Our market risk disclosures set forth in Item 7A of our Annual Report on Form 10-K for the year ended March 31, 2003 have not changed materially. Our exposure to market risk is limited. All of our international sales are denominated in U.S. dollars with the exception of the payments made to us by Daikin Industries, Ltd. pursuant to the distribution agreement we entered into with Daikin on February 27, 2001 and payments made to Daikin by us pursuant to the consulting agreement we entered into with Daikin on February 27, 2001. We do not engage in any hedging activities.

 

We do not use deriviatives or equity investments for cash investment purposes.

 

Cash equivalents consist of short-term, highly-liquid investments with original maturities of three months or less and are stated at cost which approximates market value.
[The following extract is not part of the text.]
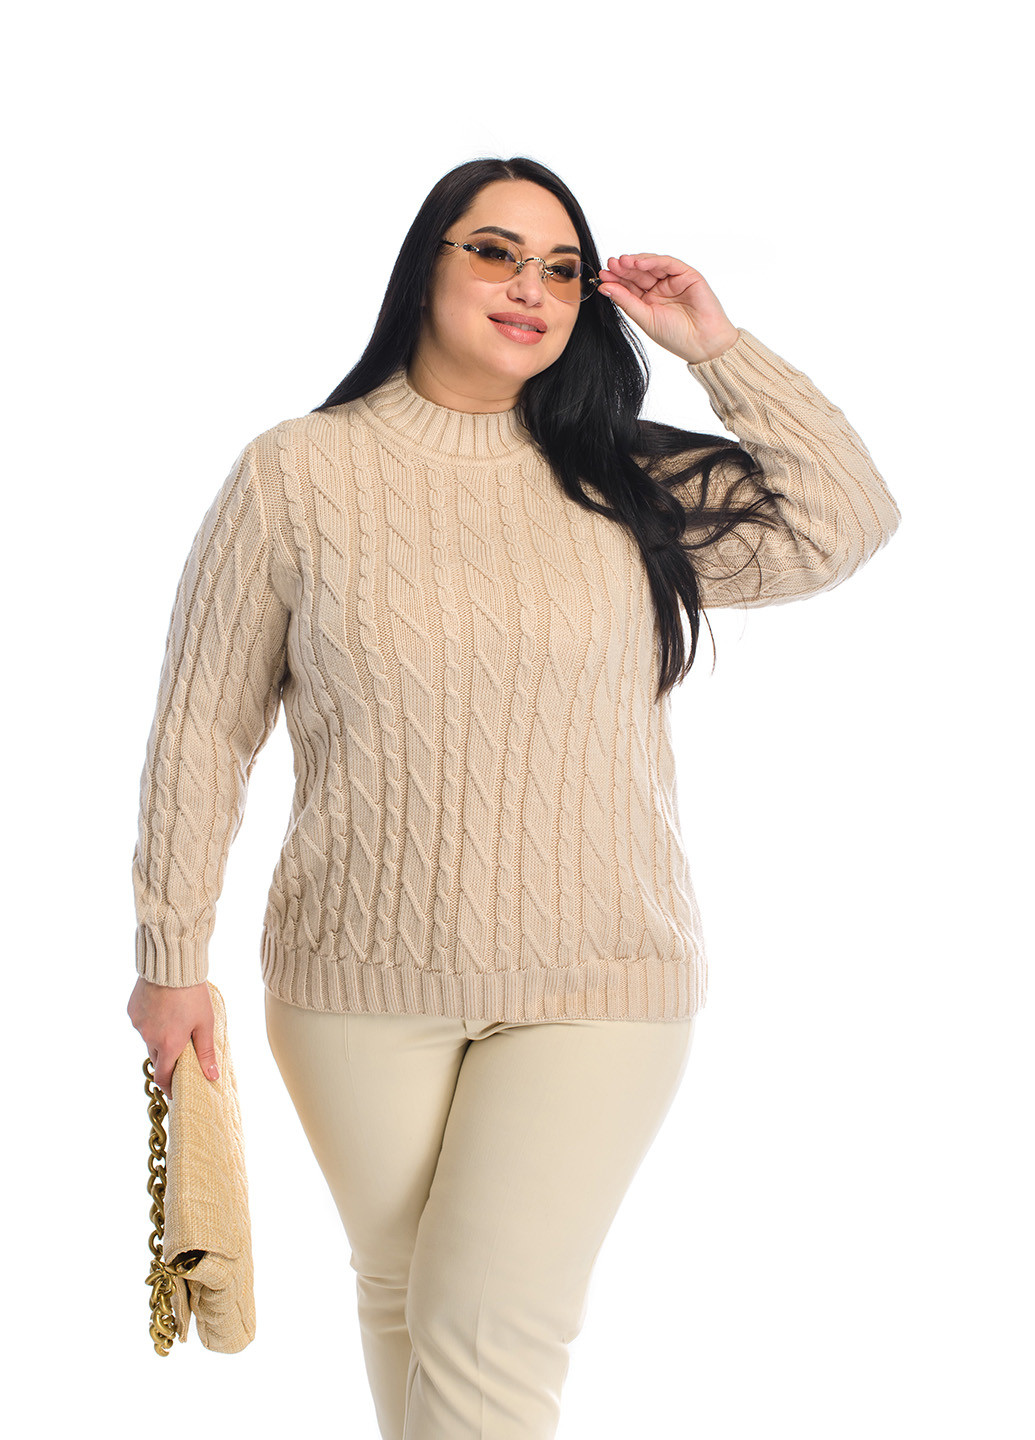 Пудровий жіночий м'який светр з стійкою коміром SVTR

Cash equivalents consist of money market funds.

 

ITEM 4.    CONTROLS AND PROCEDURES

 

As of the end of the period covered by this report, we carried out an evaluation under the supervision and with the participation of our President (our principal executive officer) and our Chief Financial Officer (our principal financial officer), of the effectiveness of the design and operation of our disclosure controls and procedures. Based on this evaluation, our President and Chief Financial Officer concluded that our disclosure controls and procedures are effective in timely alerting them to material information required to be included in this report. There has been no change in our internal control over financial reporting that occurred during our most recent fiscal quarter that has materially affected or is reasonably likely to materially affect our internal control over financial reporting.

 

We intend to review and evaluate the design and effectiveness of our disclosure controls and procedures on an ongoing basis and to improve our controls and procedures over time and to correct any deficiencies that we may discover in the future. Our goal is to ensure that our senior management has timely access to all material financial and non-financial information concerning our business. While we believe the present design of our disclosure controls and procedures is effective to achieve our goal, future events affecting our business may cause us to significantly modify our disclosure controls and procedures.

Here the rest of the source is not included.